## Stored data
--- START ---

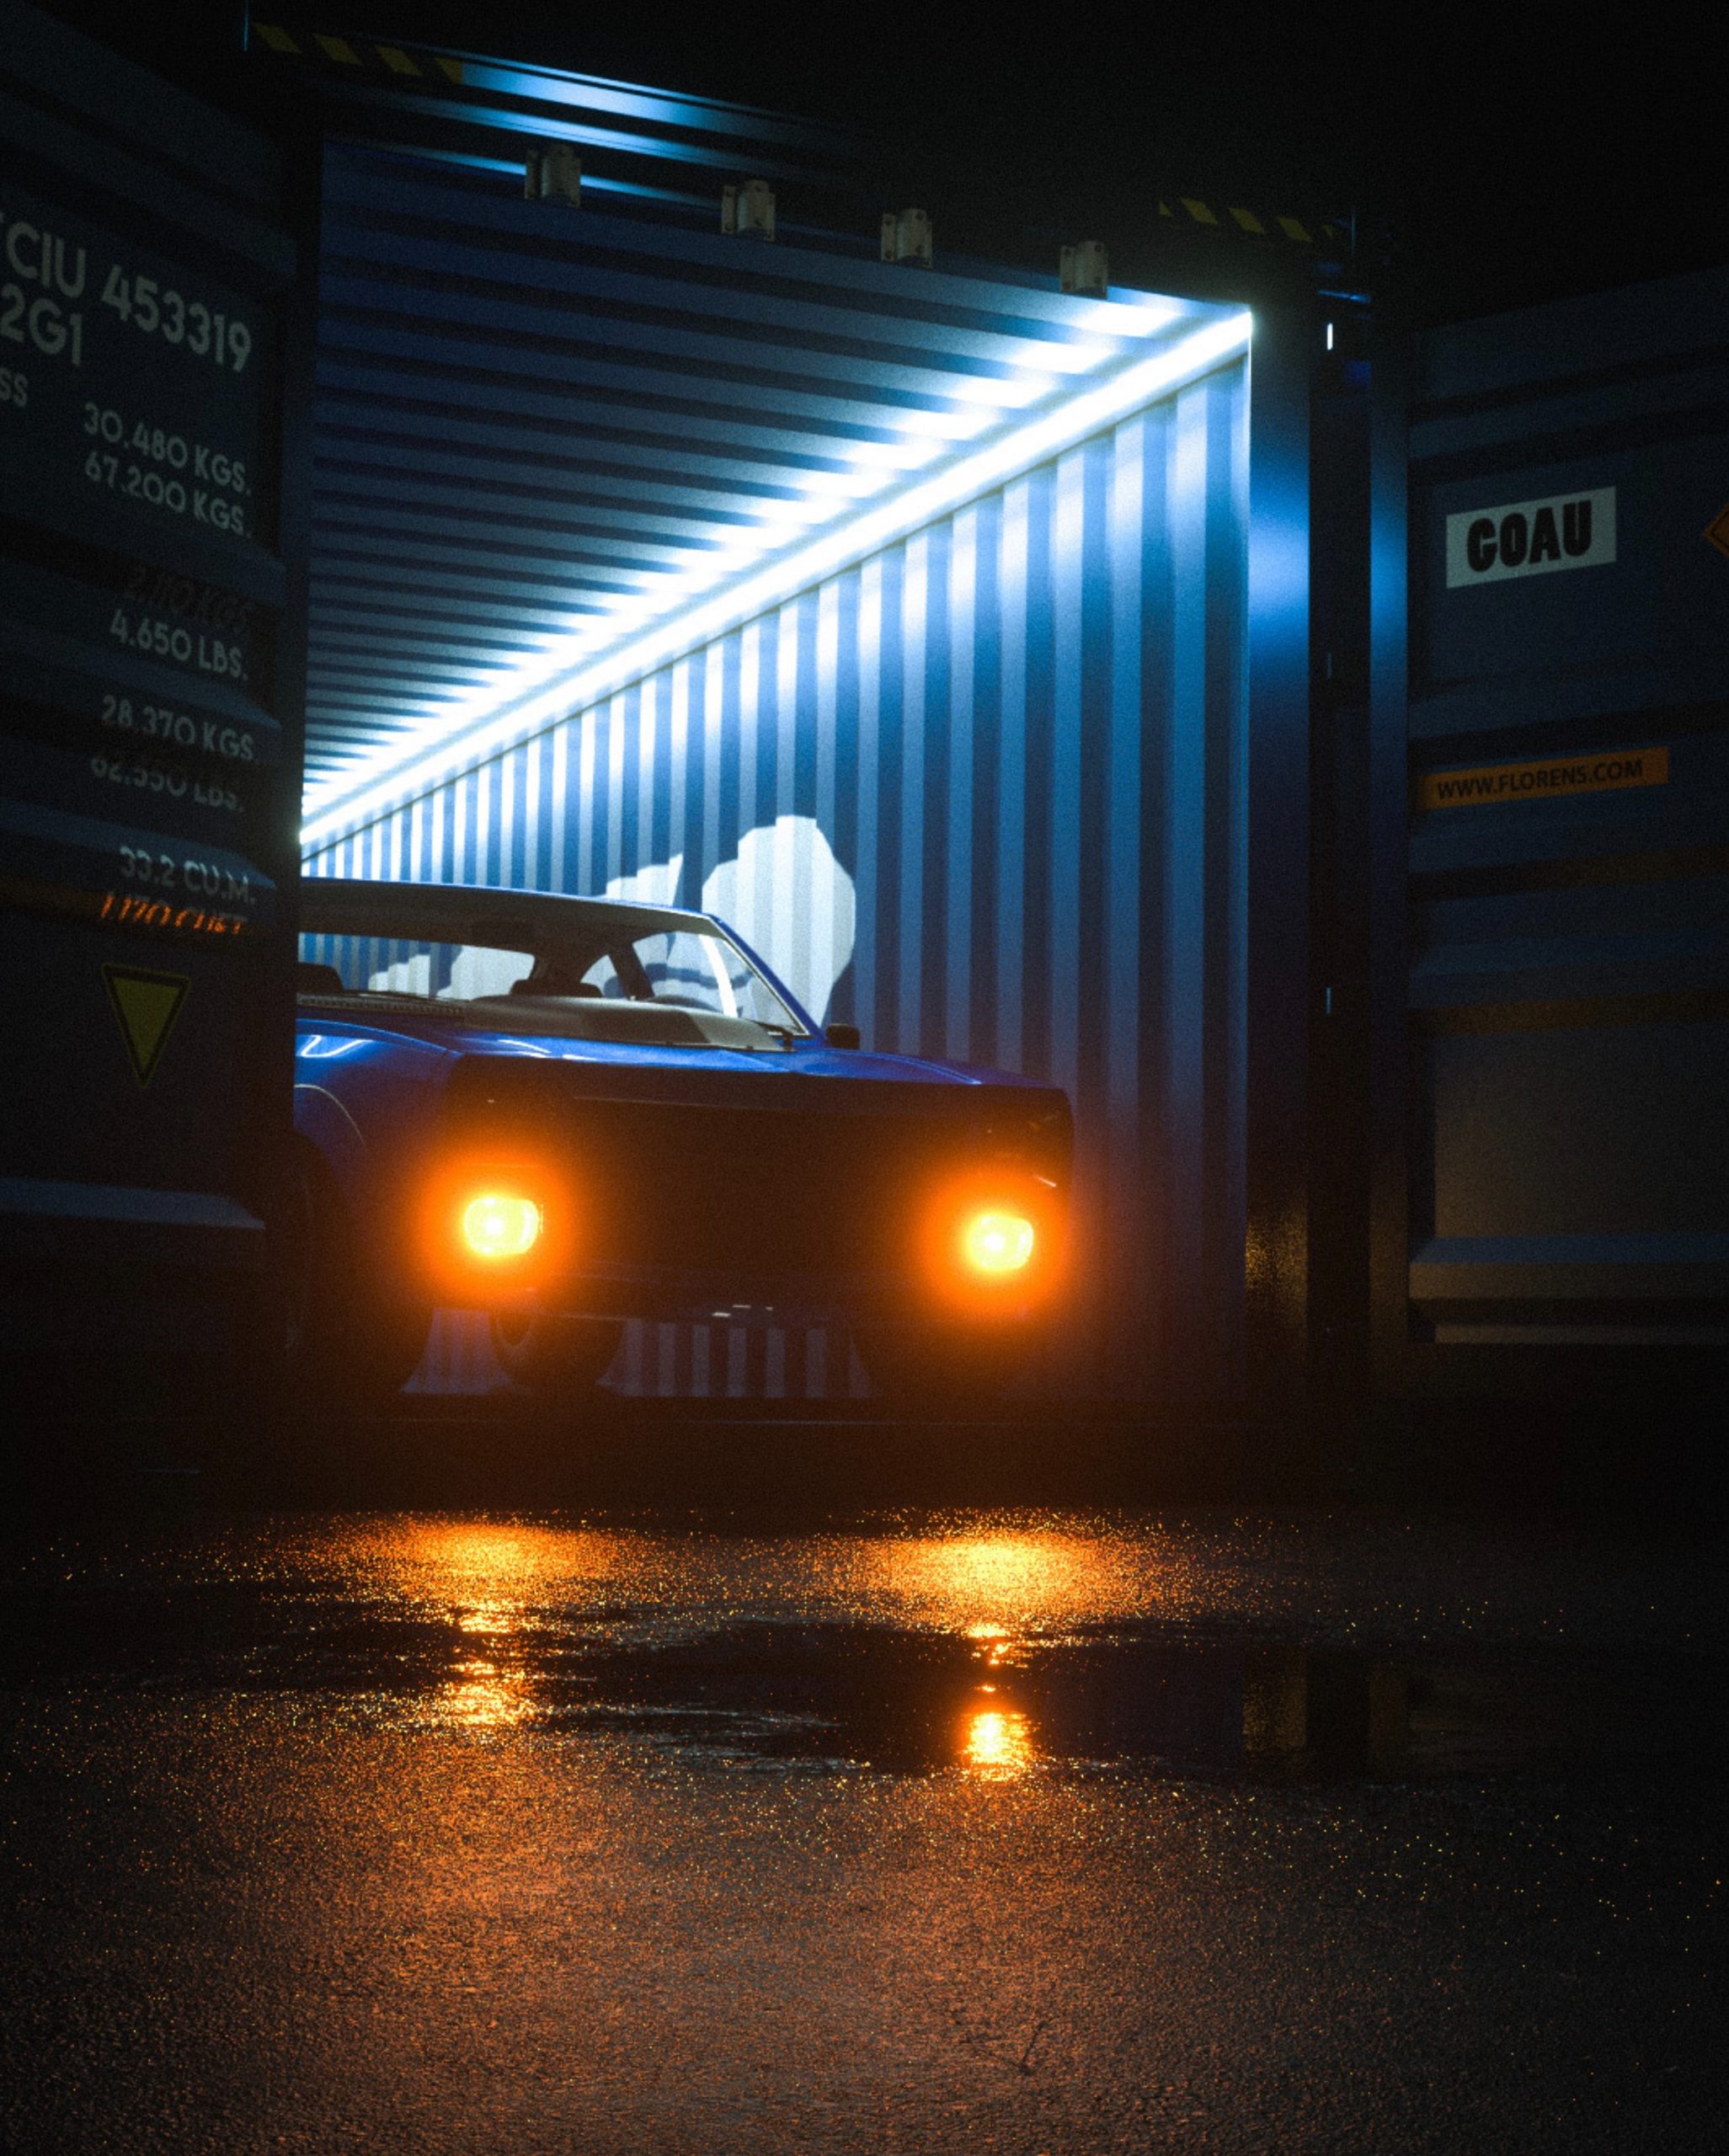 Why ship your car by container?
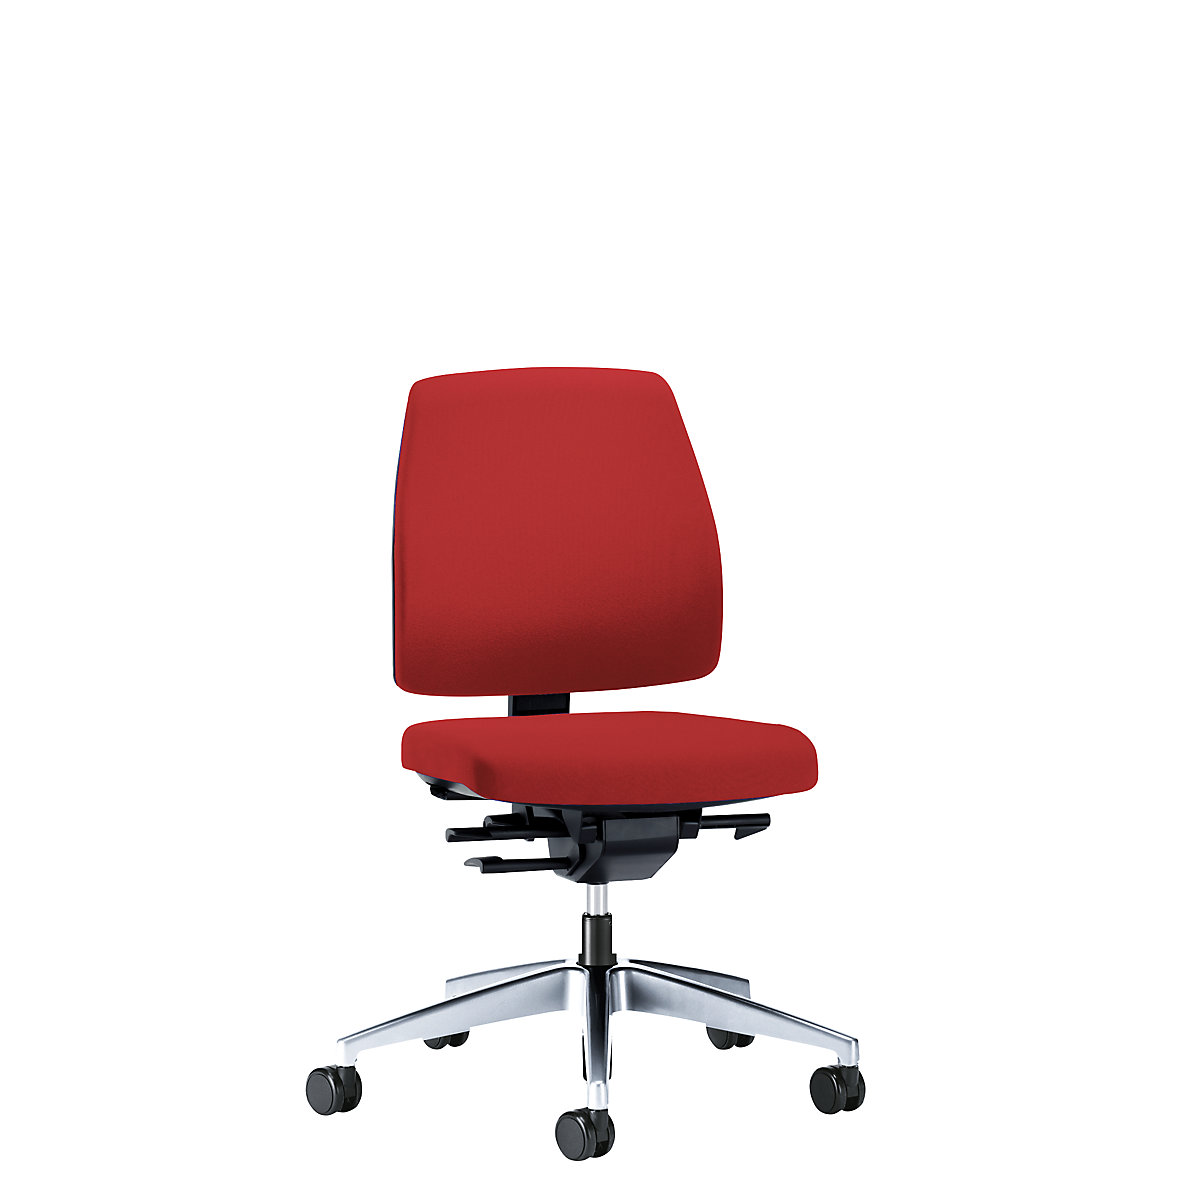 GOAL office swivel chair, back rest height 430 mm – interstuhl, polished frame, with soft castors, flame red, seat depth 410 mm-4
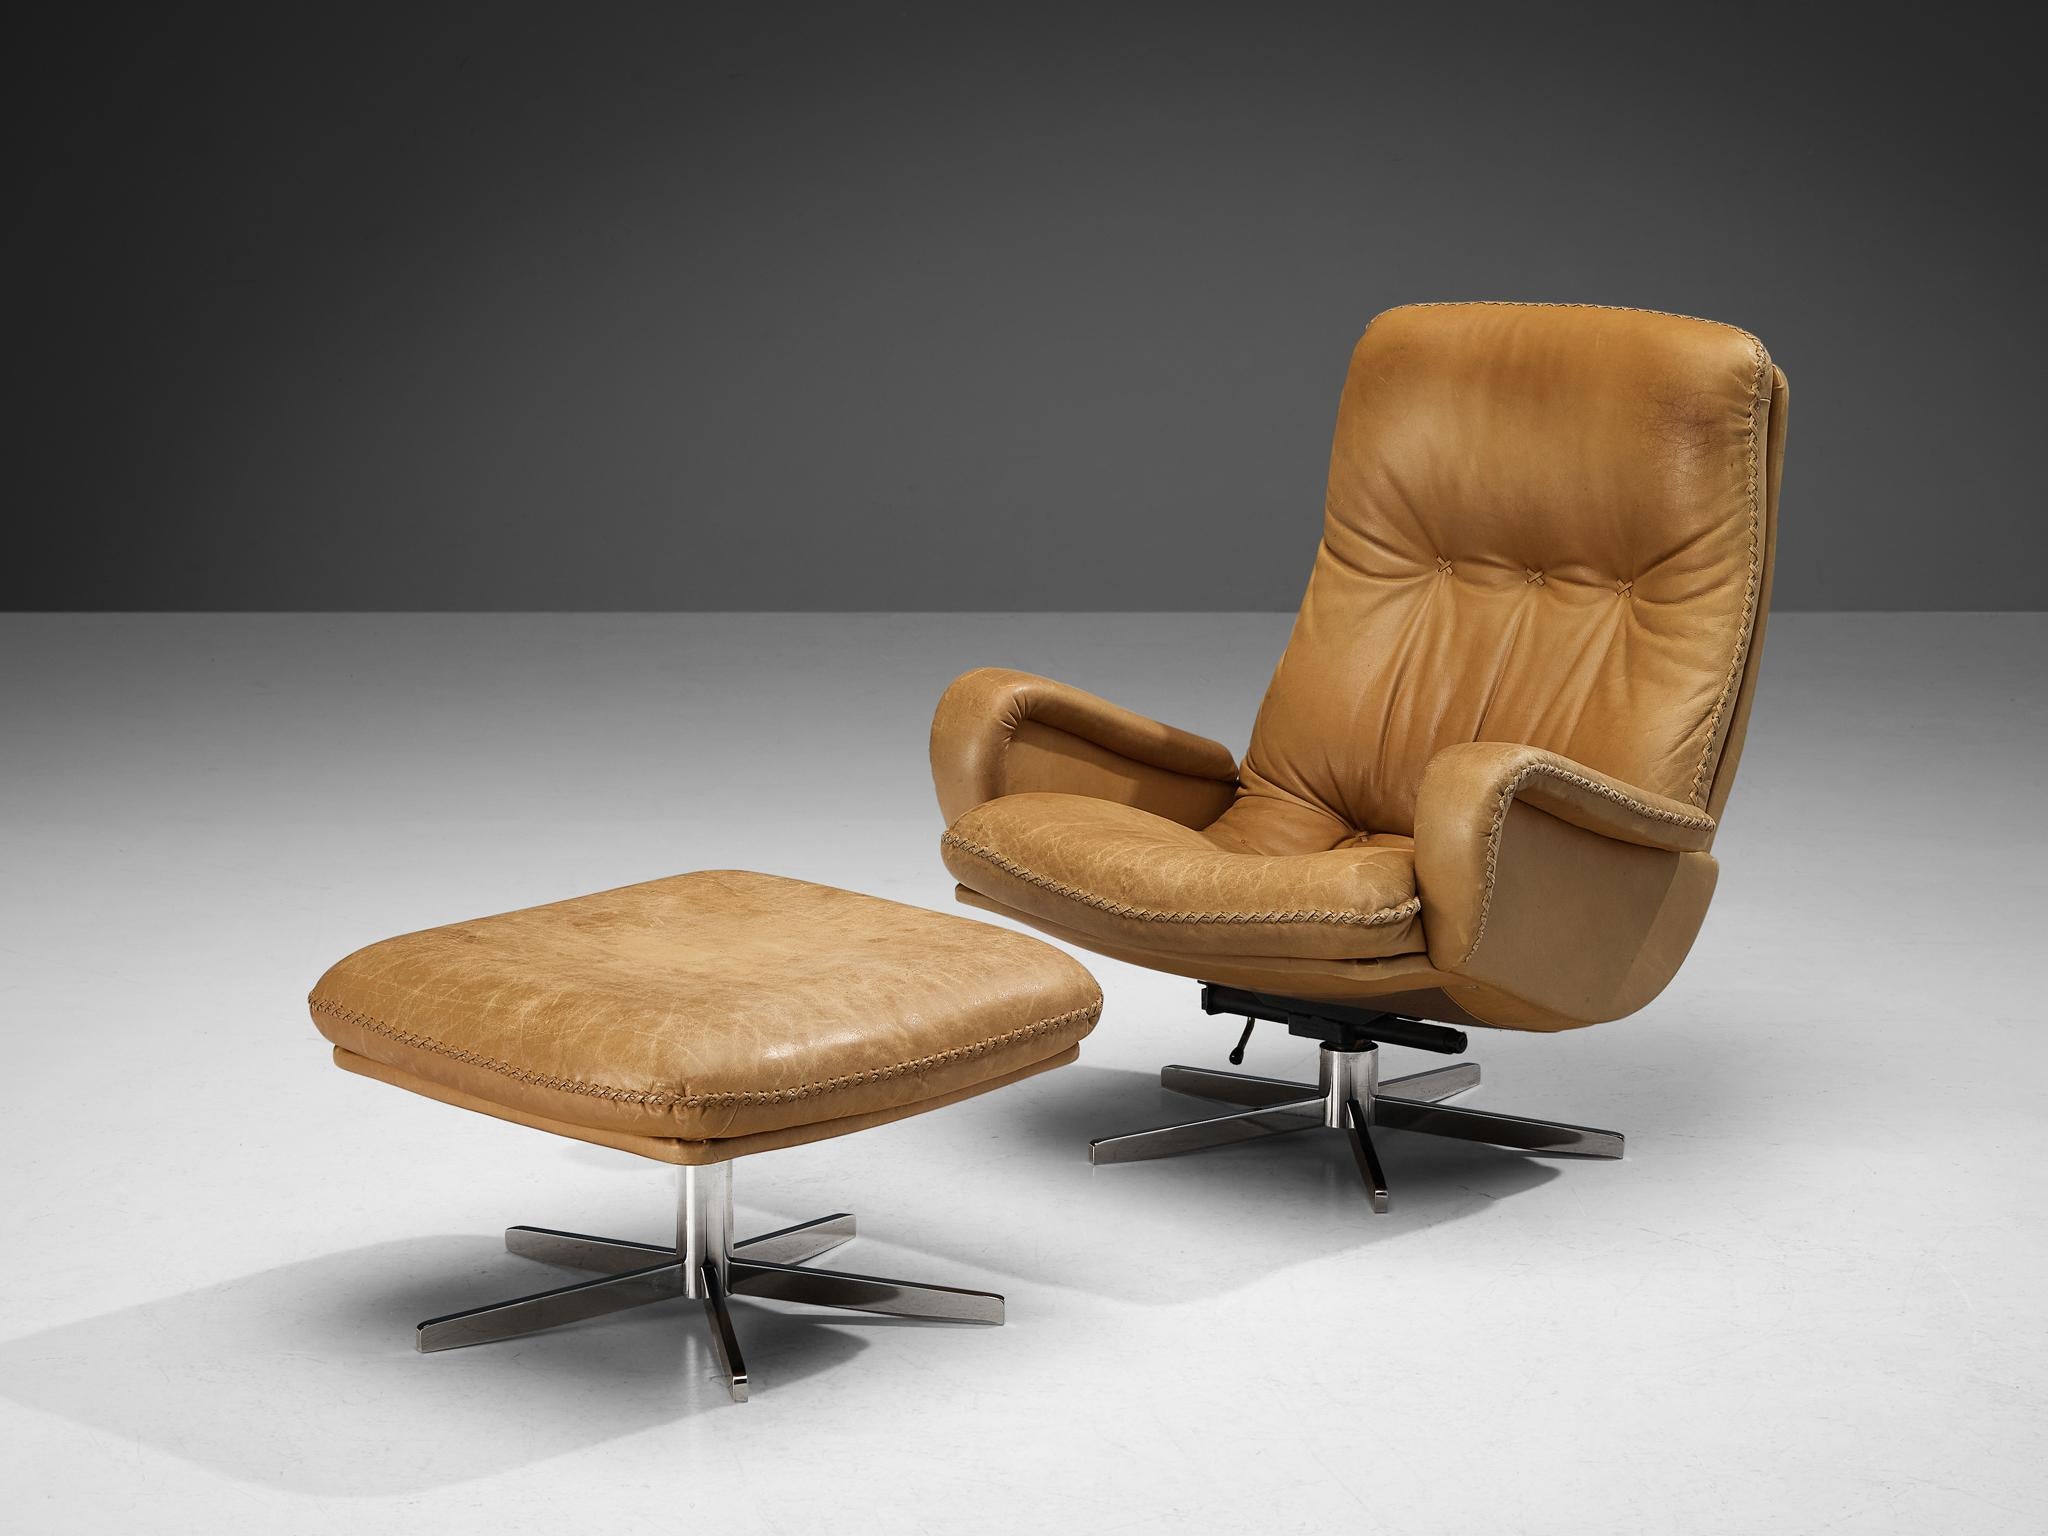 De Sede, set of lounge chair and ottoman model 'S231', patinated leather, chromed metal, Switzerland, 1960s 

This lovely chair by De Sede is based on a solid construction featuring a large backrest and deep seat which offers great comfort to the

--- END ---

## How to complete this task
Pictures stay out; output the lines from the top of the listing above through the line containing "De Sede, set", exactly as they stand.

## Solution below
 Why ship your car by container?
 GOAL office swivel chair, back rest height 430 mm – interstuhl, polished frame, with soft castors, flame red, seat depth 410 mm-4
 De Sede, set of lounge chair and ottoman model 'S231', patinated leather, chromed metal, Switzerland, 1960s 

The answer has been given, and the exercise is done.